= Supplied data =
☆ ☆ ☆ ☆ ☆ ☆ ☆

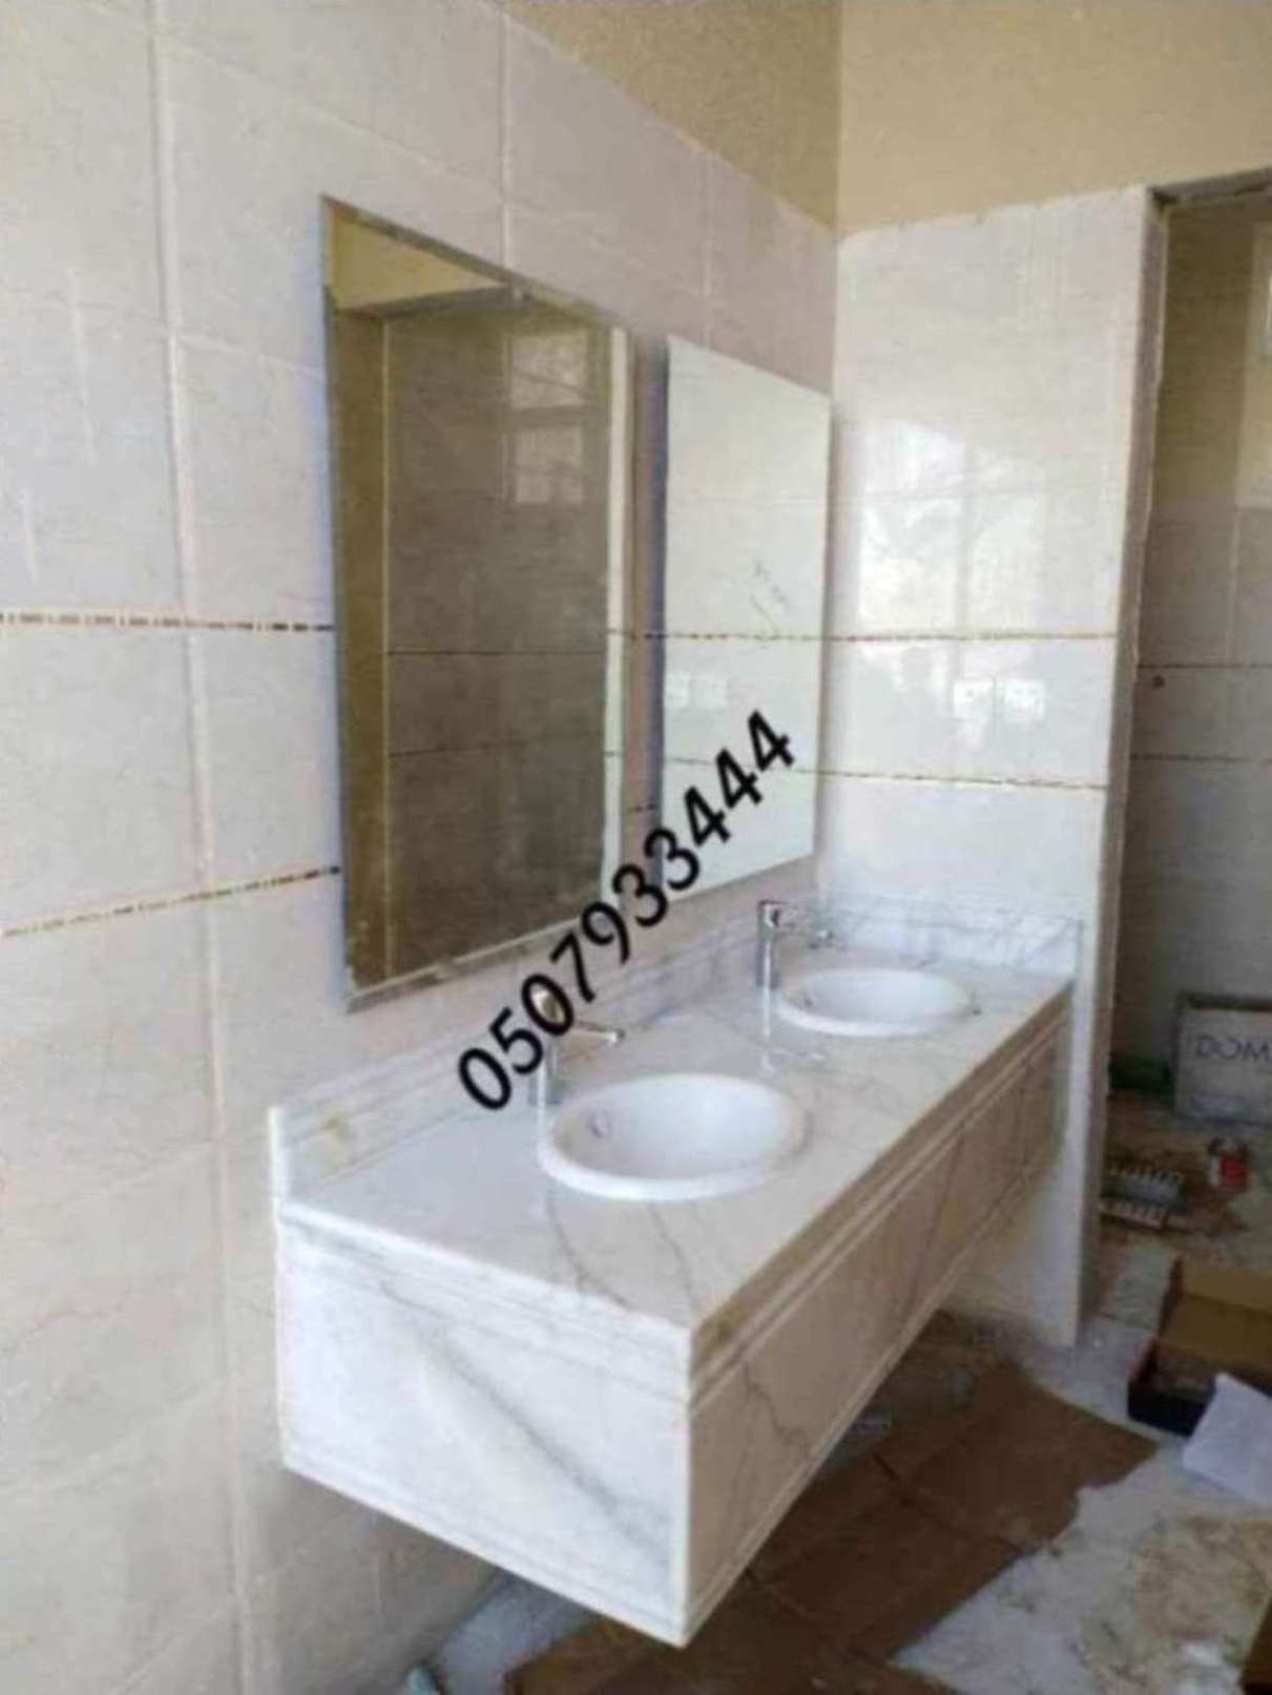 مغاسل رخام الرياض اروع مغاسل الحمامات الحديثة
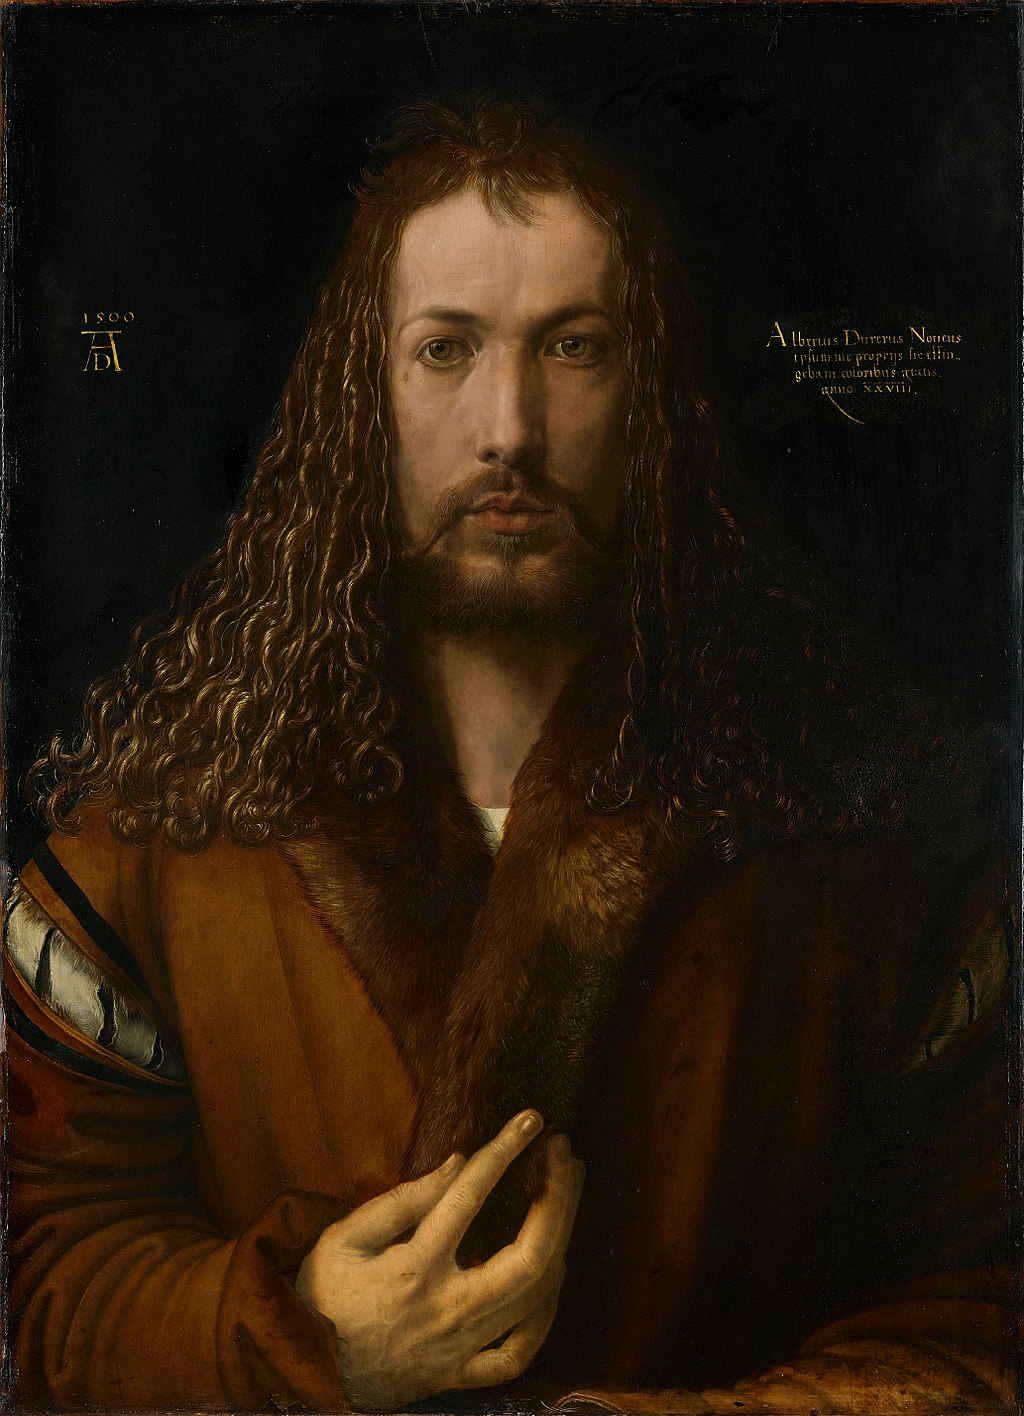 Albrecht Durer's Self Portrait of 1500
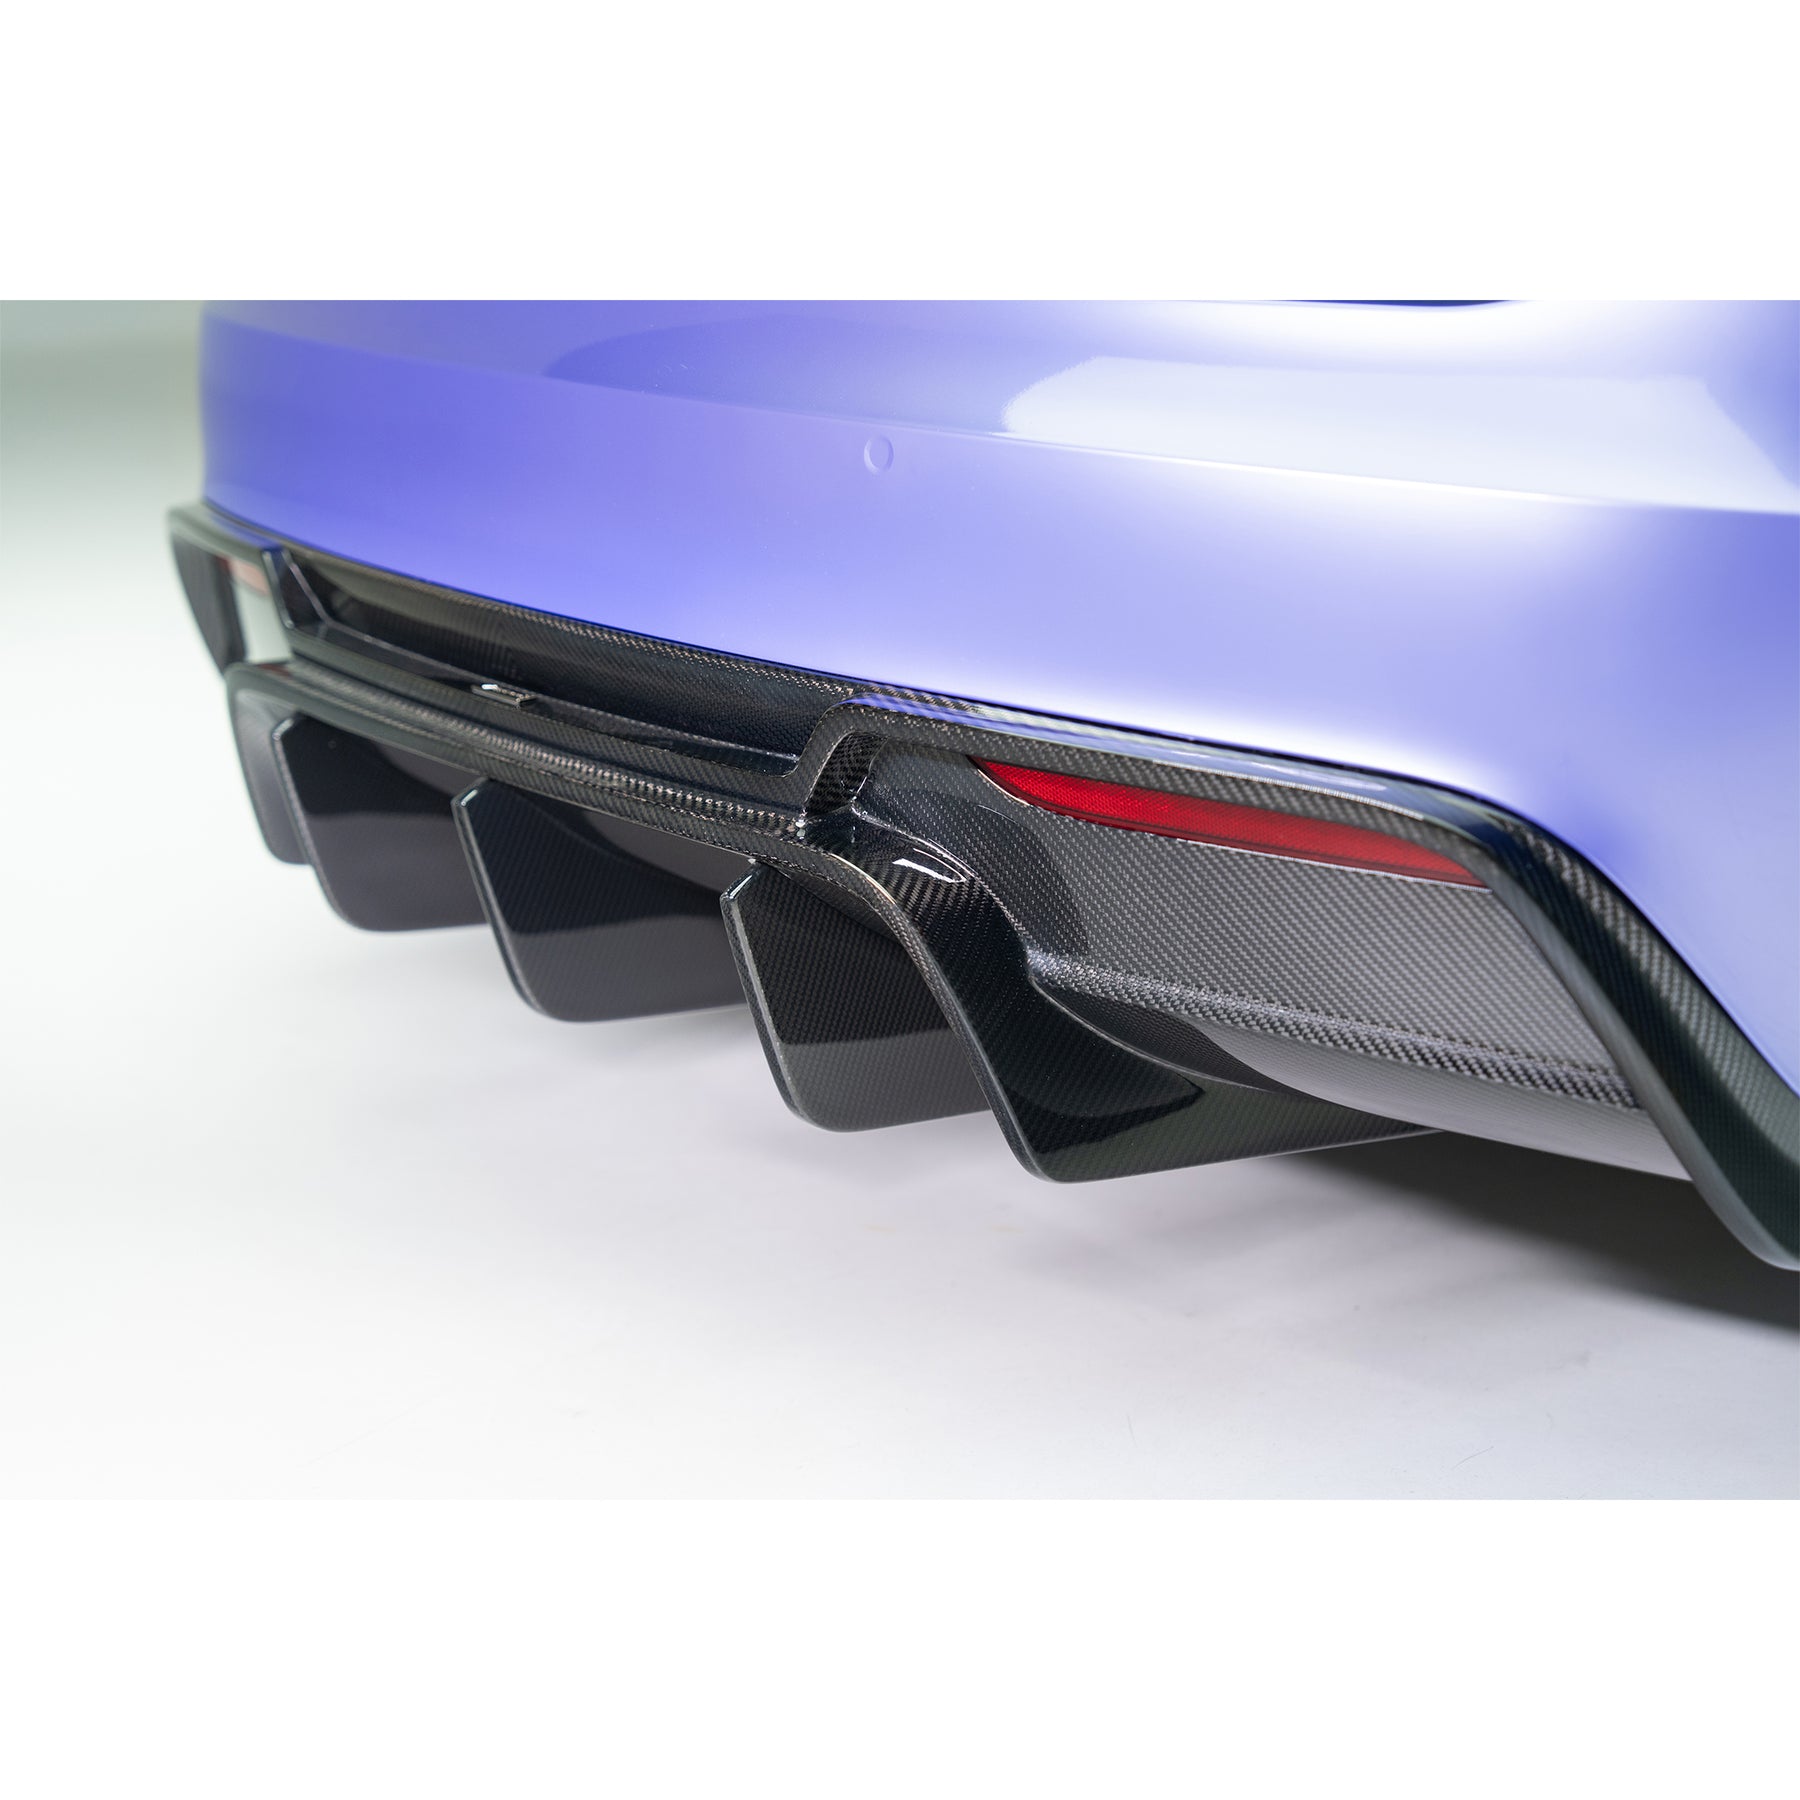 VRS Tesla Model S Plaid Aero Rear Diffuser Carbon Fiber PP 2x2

☆ ☆ ☆ ☆ ☆ ☆ ☆

= Your task =
From the line containing "Albrecht Durer's Self Portrait of 1500" down to the final line of the listing above, write out only those lines exactly as they are, minus the pictures.

= Answer box =
 Albrecht Durer's Self Portrait of 1500
 VRS Tesla Model S Plaid Aero Rear Diffuser Carbon Fiber PP 2x2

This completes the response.